BEGIN Data provided
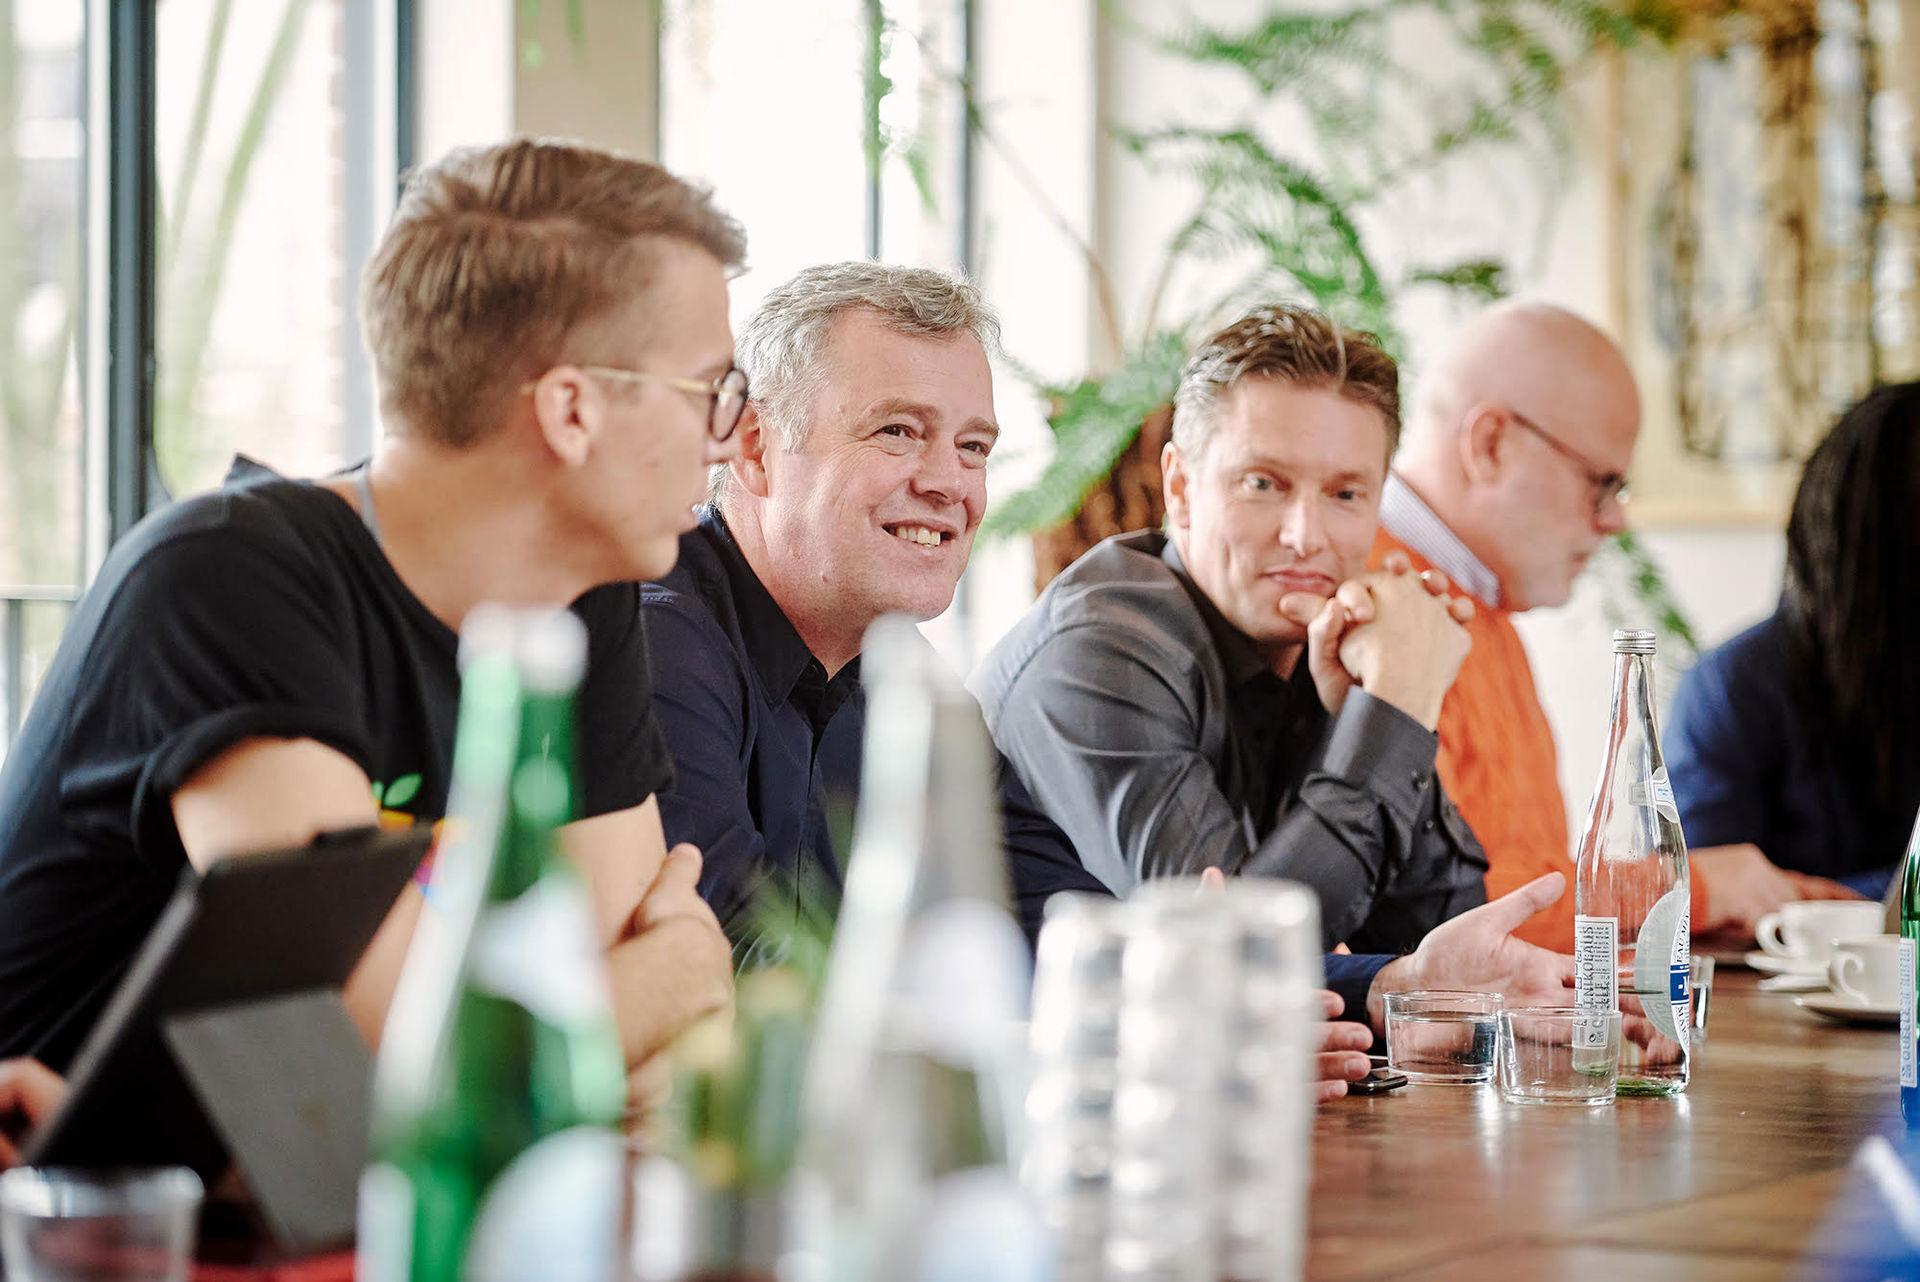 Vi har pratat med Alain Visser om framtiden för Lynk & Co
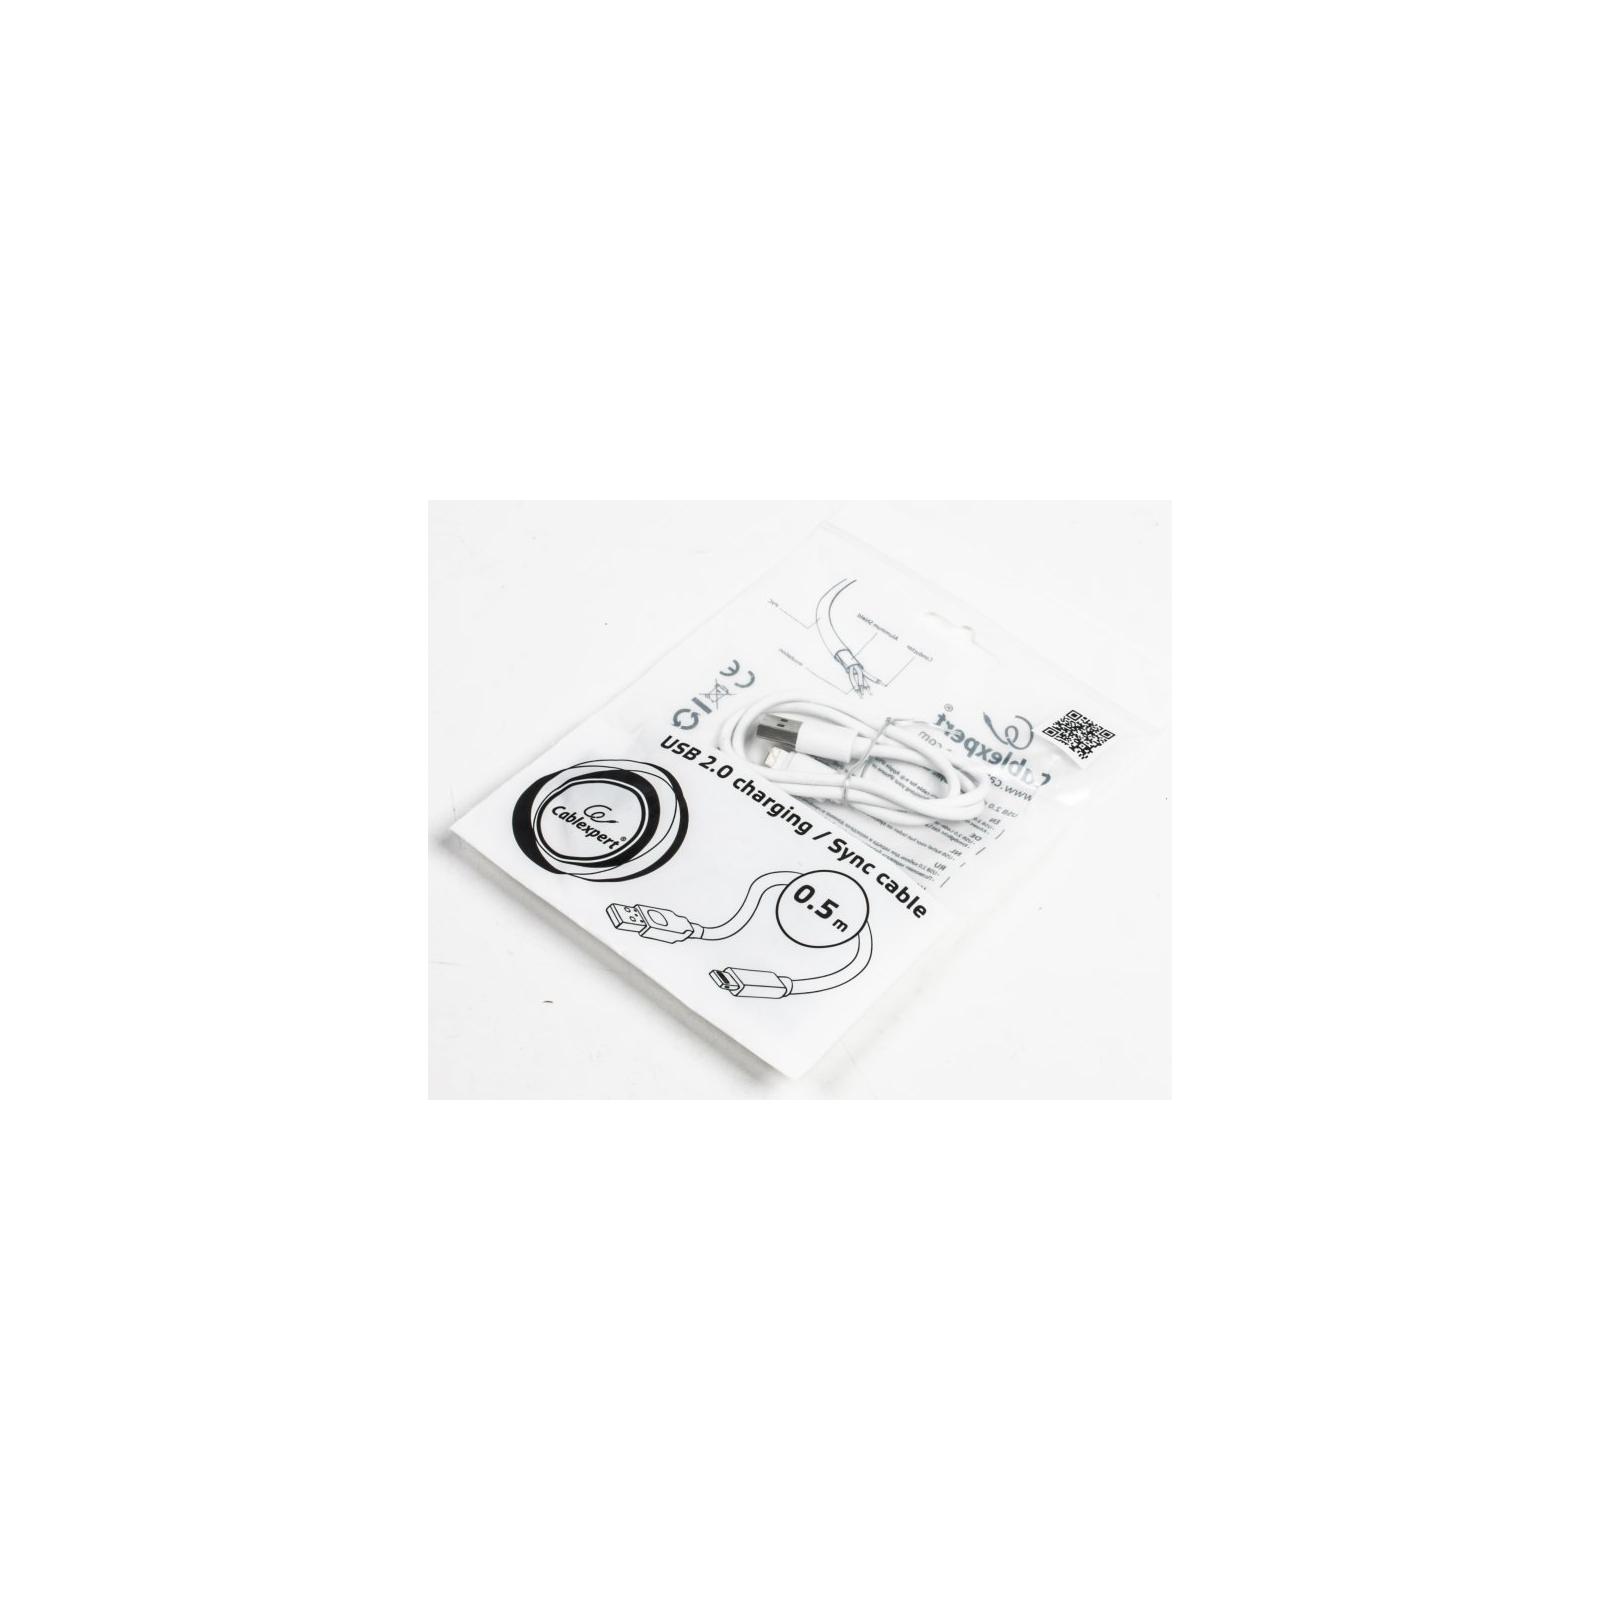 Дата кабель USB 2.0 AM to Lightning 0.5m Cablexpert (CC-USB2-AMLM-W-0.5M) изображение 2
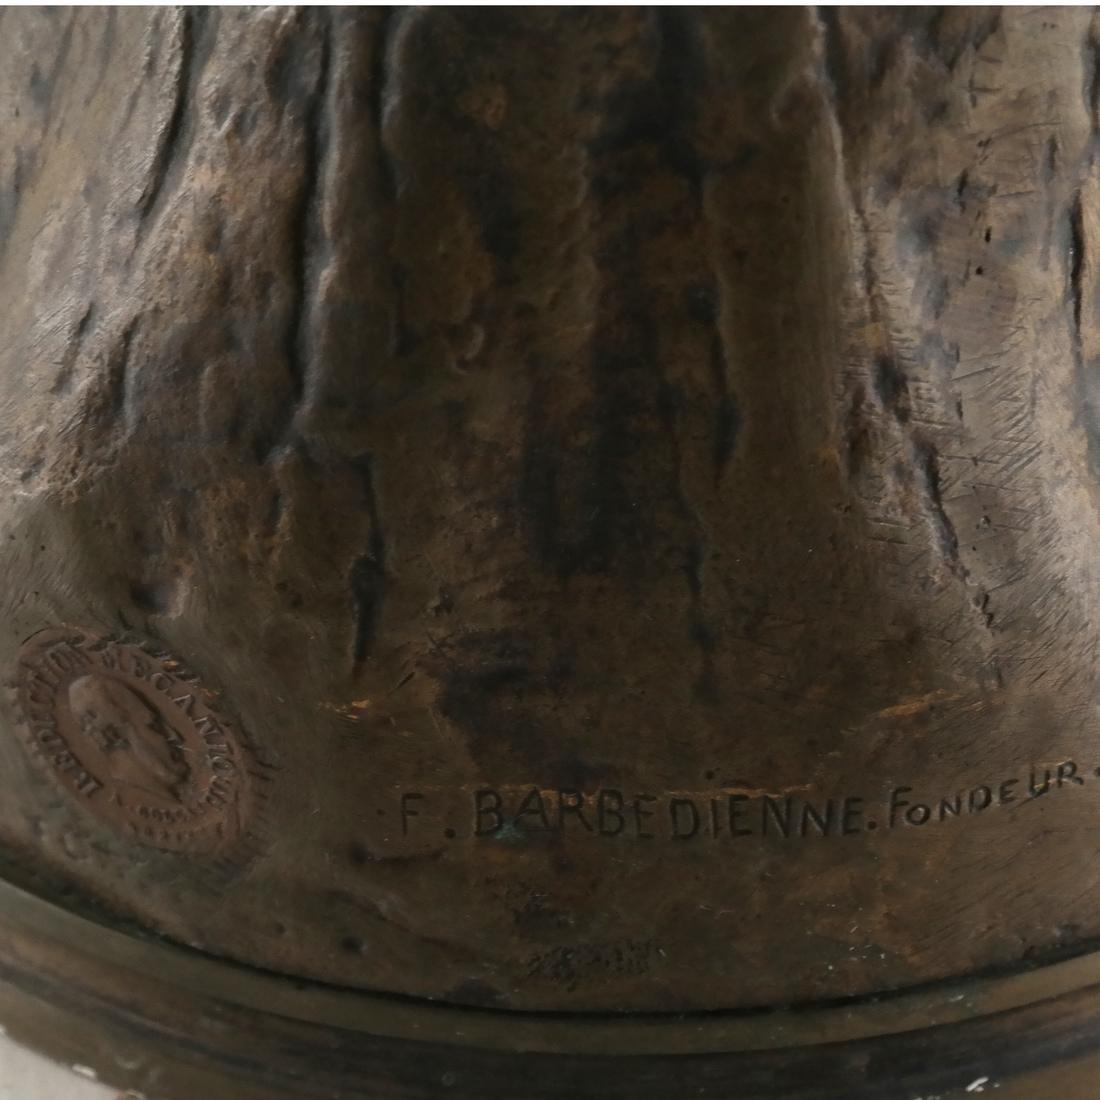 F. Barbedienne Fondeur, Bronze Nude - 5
END Data provided
Your assignment: The whole listing must be restated word for word. Leave out any pictures.

Task solution:
 Vi har pratat med Alain Visser om framtiden för Lynk & Co
 Дата кабель USB 2.0 AM to Lightning 0.5m Cablexpert (CC-USB2-AMLM-W-0.5M) изображение 2
 F. Barbedienne Fondeur, Bronze Nude - 5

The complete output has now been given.